A clue to help the reading: Herrera states his poetics clear as day in this phrase: “Your rot, my epistemology.”
And this might become my mantra.
Tags: Border-Crosser With A Lamborghini Dream, Jen Bervin, Juan Felipe Herrera, Nets
15 April 2008 at 4:37 am |
i posted some quick thoughts about nets but the more i think about it, the more i am uncertain as to whether nevins has created an effective book length poem or just an effective poem that didn’t need the blurred text.
either way, i would say that she has brought herself into the text–a bold move, for sure–and forged a poem that honors the classic while bringing in the speaker’s contemporary voice. in that, by fusing the macro and the micro, i believe she has created a successful poem.
my question still stands: did she have to use 150 one sided pages to get to that poem? i guess the fact that this reader is still asking that question can qualify as another marker of a successful poem.
15 April 2008 at 5:01 am |
are you viewing the entire resulting (or remaining, or netted text) as a poem? you are right that the fact that we are continuing to talk about it, whether or not we particularly ‘enjoyed’ it is indicative of some kind of success.

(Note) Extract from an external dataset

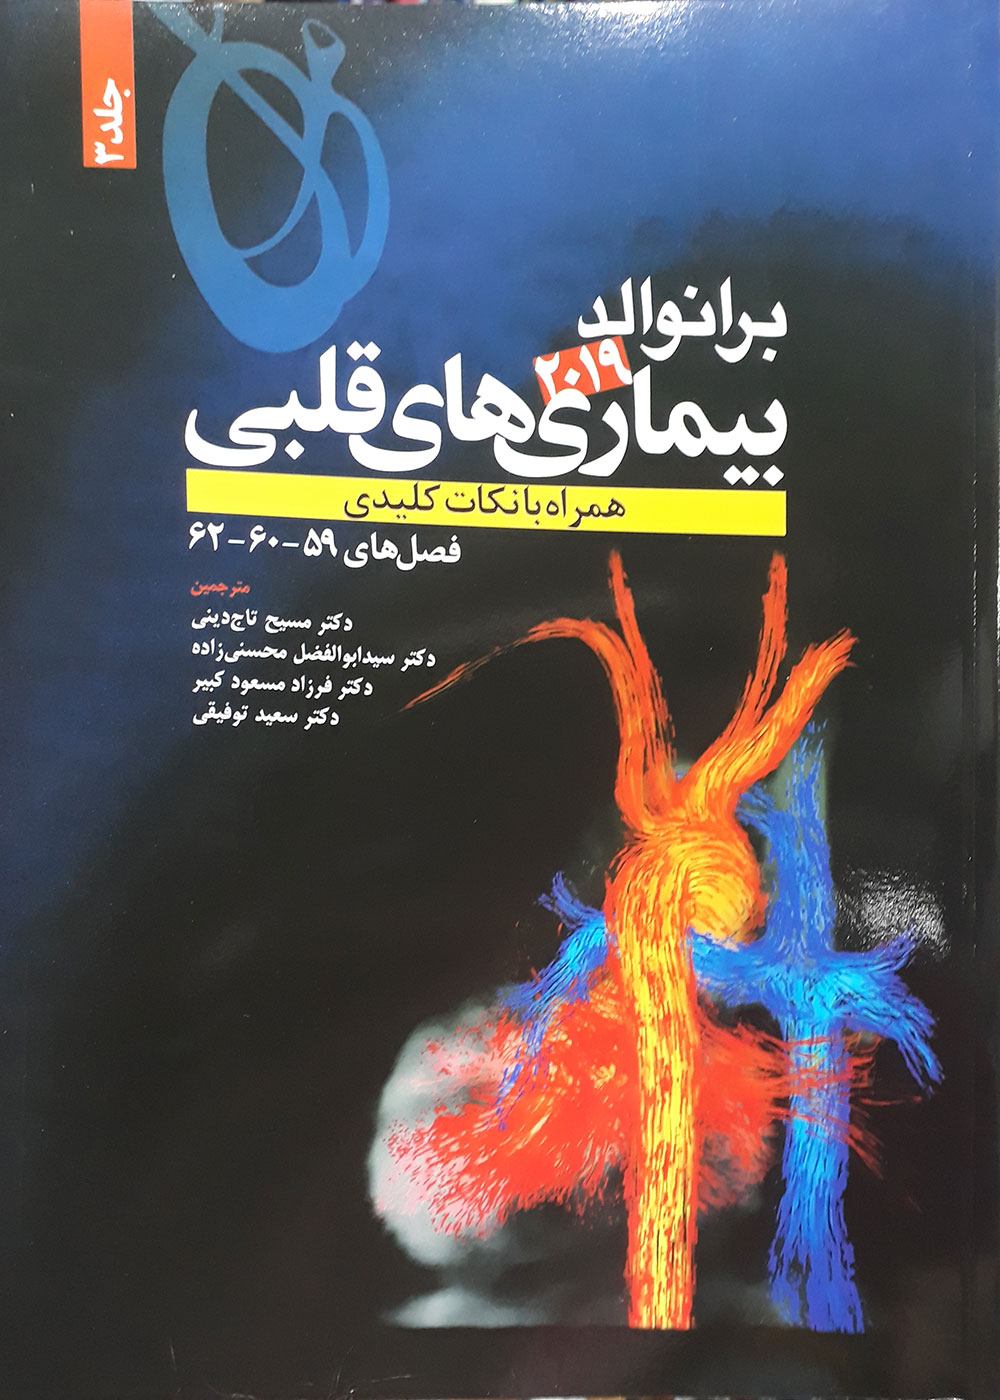 کتاب بیماری های قلبی برانوالد 2019 همراه با نکات کلیدی جلد 3-مترجم دکتر مسیح تاج دینی و دیگران

i don’t know so much about ‘fusing’ together, or i don’t know if that’s how i’d describe what i think she has done. it seems more to me like “using” shakespeare as raw material from which to create a poem, like we would with google search results and other found texts, though i know you are addressing my ‘erasure’ question here. so ultimately i don’t think using a text as found text is either honoring or erasing it.
15 April 2008 at 10:03 pm |
i’m viewing the netted text as one poem.
i prefer the term ‘fusing’ over ‘using’ because bervin utilizes iconic text; hence the macro of canonic poetry with the micro of the contemporary poetry. (note: i dont mean to make one seem larger over the other, i prefer to think of both terms inhabiting a similar space but there relative size based on perspective. in this case, bervin shifts here text to the forefront and makes shakespeare’s text the micro.)
based on the fact that bervin goes to the iconic, i believe there is opportunity to honor and/or erase. if she was just using last week’s headline, maybe not so much.